La réputation et les qualités d’enseignant d’Auguste-François Chomel lui valent sans doute d’être nommé en 1823 agrégé en exercice à la Faculté de Médecine sans passer le concours. Il seconde le professeur Fouquier à la chaire de Clinique. L’ascension professionnelle de Chomel est remarquable. En 1827, il prend la succession très convoitée de Laënnec (mort prématurément à 45 ans) à la chaire de Clinique médicale de la Charité ; il est nommé en parallèle médecin honoraire de cet hôpital. En 1830, Chomel remplace Récamier (démissionnaire) à la chaire de Clinique de l’Hôtel-Dieu. Les honneurs se succèdent : élu d’abord membre associé en 1823 à l’Académie de Médecine, il en devient membre titulaire en 1826 au fauteuil de Royer-Collard ; nommé médecin consultant du Roi en 1832, en 1837, il est médecin honoraire de la Duchesse d’Orléans ; distingué par le Ministère de l’Instruction publique, il est d’abord membre du Conseil Académique de Paris en 1845, et en 1846, Conseiller ordinaire de l’Université (en remplacement de J.-B. Bouillaud, démissionnaire). En 1830, Auguste-François Chomel est fait chevalier de la Légion d’honneur, en 1837, officier de la Légion d’honneur, enfin, en 1843, officier de l’Ordre de Léopold de Belgique.
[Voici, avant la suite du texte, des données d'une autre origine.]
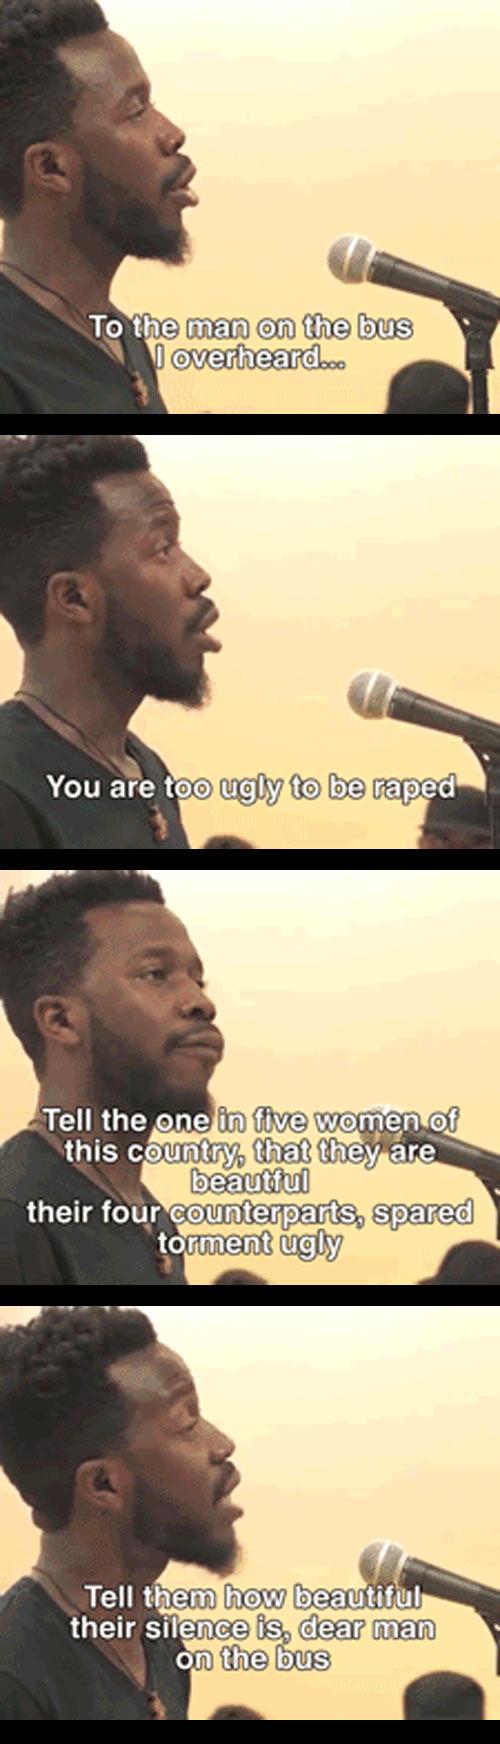 cool-powerful-words-man-speech

Cette carrière très brillante, Chomel décide lui-même d’y mettre fin. Par le décret du 8 mars 1852, les membres de l’Université doivent prêter serment de fidélité au nouvel Empereur. En raison de sa fidélité à la famille royale, François-Auguste Chomel est le seul professeur à refuser de prêter serment. Il quitte alors sa chaire.
Retiré de la vie publique, des épreuves familiales frappent Chomel. Il avait épousé le 20 décembre 1819 Madeleine-Euphrasie Jouet, fille de Jacques Jouet, négociant, et d’Adélaïde Picart-Duban. De cette union Chomel avait eu quatre filles. La deuxième fille mourut à l’âge de dix ans. En l’espace de deux ans, Chomel et son épouse enterrent deux autres de leurs filles. En 1856, Auguste-François Chomel tombe malade ; il décède le 9 avril 1858 dans son château de Morsang. Il laisse derrière lui sa veuve, la seule fille qui lui reste et des petits-enfants.
Modalités d'entrée dans la collection :
Les papiers d’Auguste-François Chomel en possession de l’Académie Nationale de Médecine ont vraisemblablement été légués dans le courant du XIXème siècle par sa famille à l’Académie dont il était membre.